2) electron correlation is small, then the electron transfer rate between molecule and electrode is too slow that it cannot catch up to the speed of applied voltage. I think in such case, the CV peaks will be separated than it is supposed to, with much broader peak.

Is this what you are talking about?

 

[Borek]

It is the applied potential that causes change in rate constant.

Observed - yes. Absolute - no. Matter of a point of view.

 

[HAYAO]

Observed - yes. Absolute - no. Matter of a point of view.

Well you are right, but from the OP I had no other way to interpret the question.

 

[MatthiasS]

Thanks aa lot for your answer!

Yes, I was thinking about a hypothetical situation in which we have the same red/ox potential, but different rate constants.
The reason for my question is that I am interested on how a thin surface layer (sufficiently thin to allow for electron tunneling) affects peak separation and peak current of the CV curves. Typically, depending on the thickness of the surface layer, this layer is expected to decrease the rate constant (as far as I know this effect is even used to investigate the charge transfer kinetics of very fast reactions which would otherwise be difficult to measure due to diffusion limitations).

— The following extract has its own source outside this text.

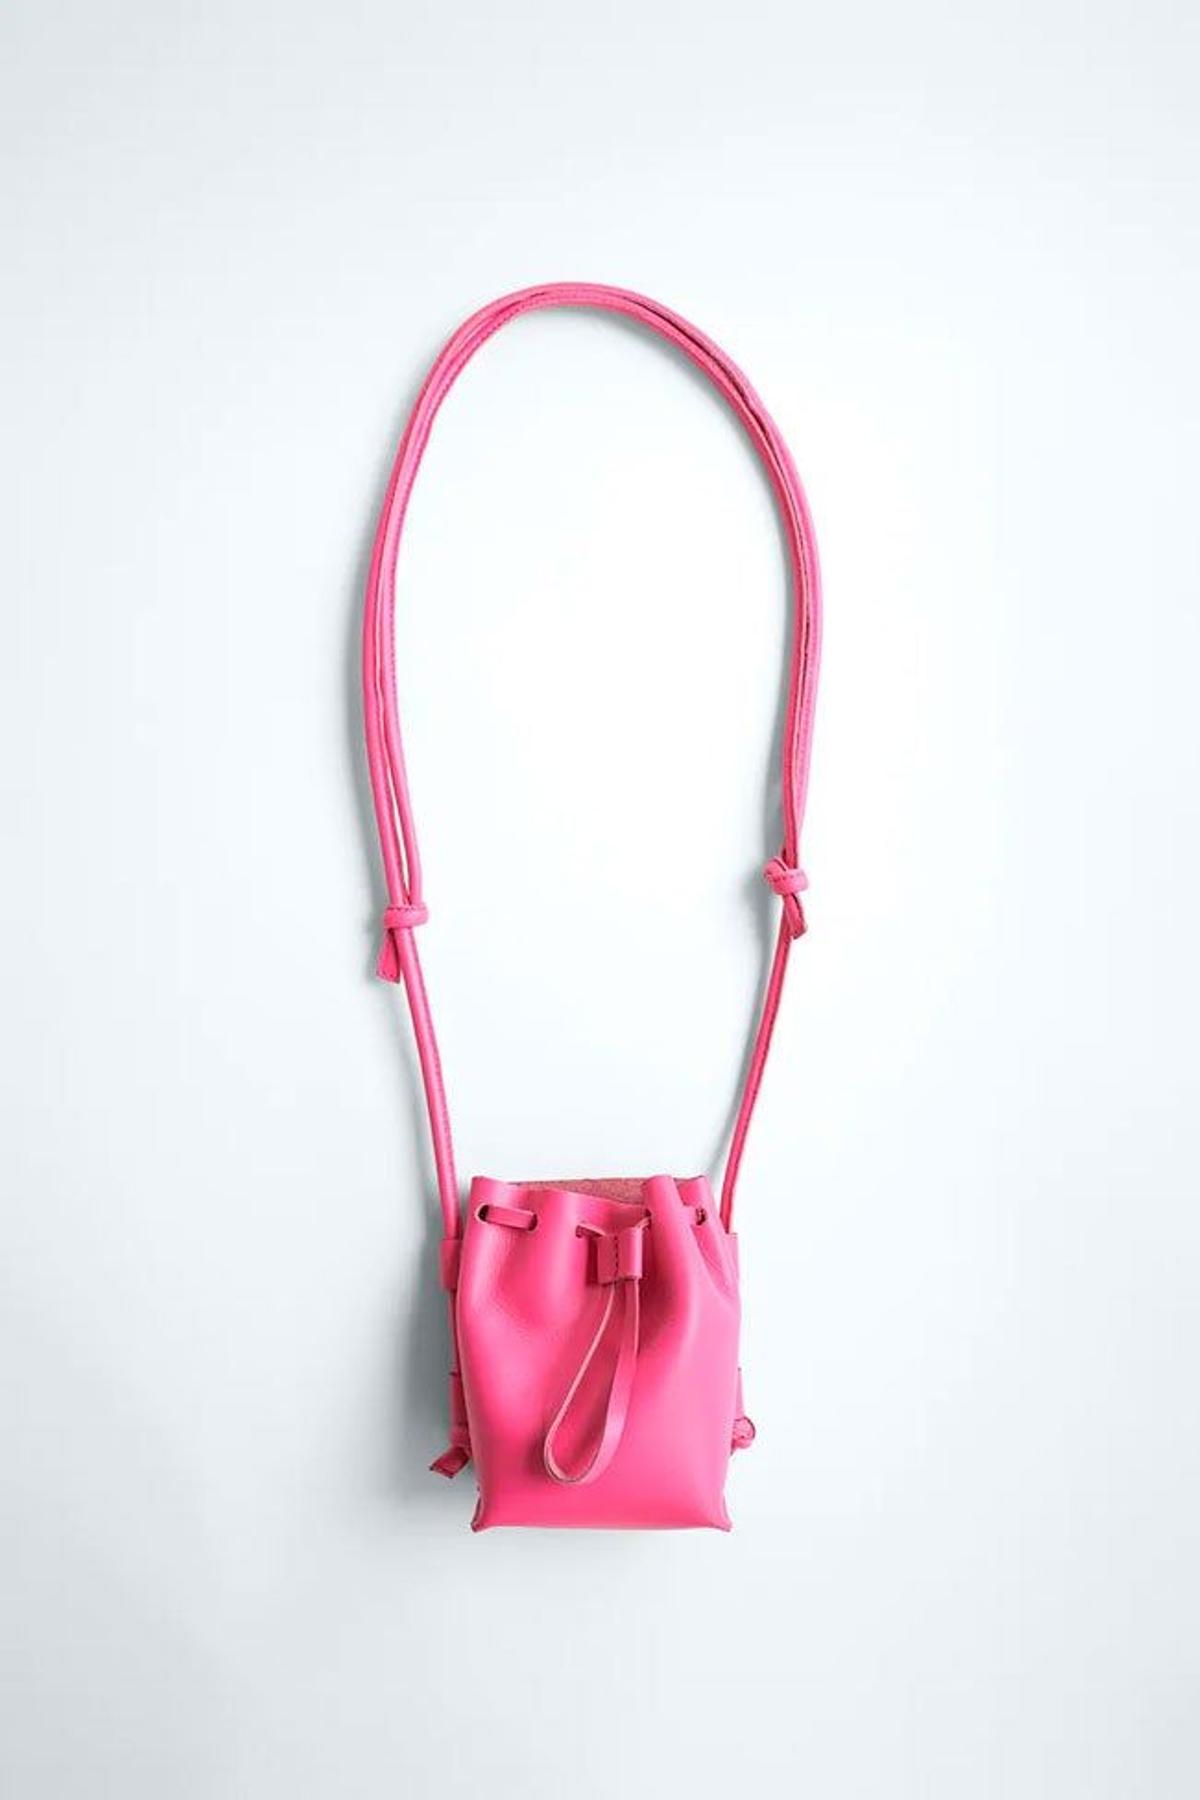 Mini bolso saca de piel fucsia de Zara. (Precio: 29,95 euros)

When I checked the literature on CV measurements in presence of thin surface layers, it seems that typically (i) the peak separation increases and (ii) the peak current density decreases (compared to the unmodified electrode). I agree that for slow scan rates the electron transfer rate between molecule and electrode might be too slow to catch up to the speed of the applied voltage (which results in an increased peak separation), but I do not understand why this also affects the peak current density (since the peak current density should depend only on scan rate as well as on concentration and diffusion coefficient of the redox couple).

 

[Borek]

I can be wrong, but judging from what is written in Theoretical Principles of Electrochemical Analysis (by Z. Galus, unfortunately I have it only in Polish), lower peaks are already predicted by the theoretical solutions given by Matsuda and Ayabe in Z. Electrochem, 59, 494 (1955).

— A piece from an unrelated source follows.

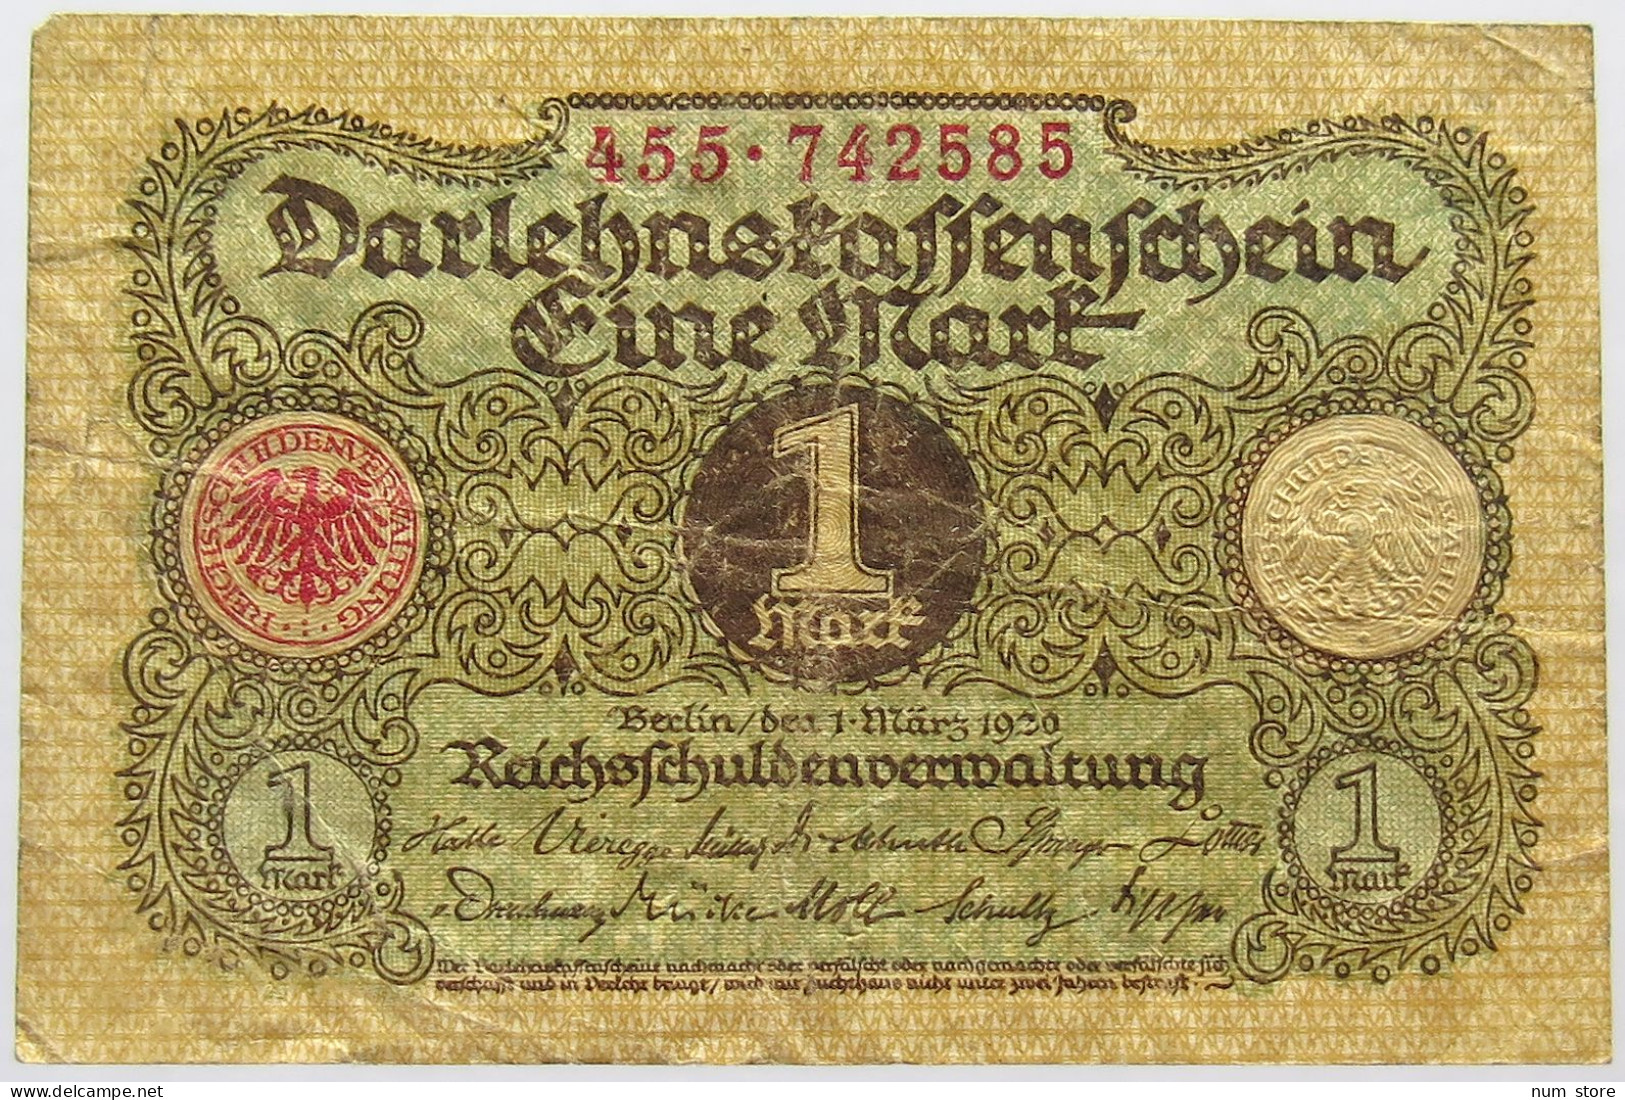 GERMANY 1 MARK 1920 #alb066 0029 - 1 Mark

http://onlinelibrary.wiley.com/doi/10.1002/bbpc.19550590605/abstract

 

[HAYAO]

Thanks aa lot for your answer!

Yes, I was thinking about a hypothetical situation in which we have the same red/ox potential, but different rate constants.
The reason for my question is that I am interested on how a thin surface layer (sufficiently thin to allow for electron tunneling) affects peak separation and peak current of the CV curves. Typically, depending on the thickness of the surface layer, this layer is expected to decrease the rate constant (as far as I know this effect is even used to investigate the charge transfer kinetics of very fast reactions which would otherwise be difficult to measure due to diffusion limitations).

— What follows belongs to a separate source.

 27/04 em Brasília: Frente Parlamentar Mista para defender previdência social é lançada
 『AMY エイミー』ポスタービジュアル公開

When I checked the literature on CV measurements in presence of thin surface layers, it seems that typically (i) the peak separation increases and (ii) the peak current density decreases (compared to the unmodified electrode). I agree that for fast scan rates the electron transfer rate between molecule and electrode might be too slow to catch up to the speed of the applied voltage (which results in an increased peak separation), but I do not understand why this also affects the peak current density (since the peak current density should depend only on scan rate as well as on concentration and diffusion coefficient of the redox couple).

I don't understand what you are saying. You've just answered your own question.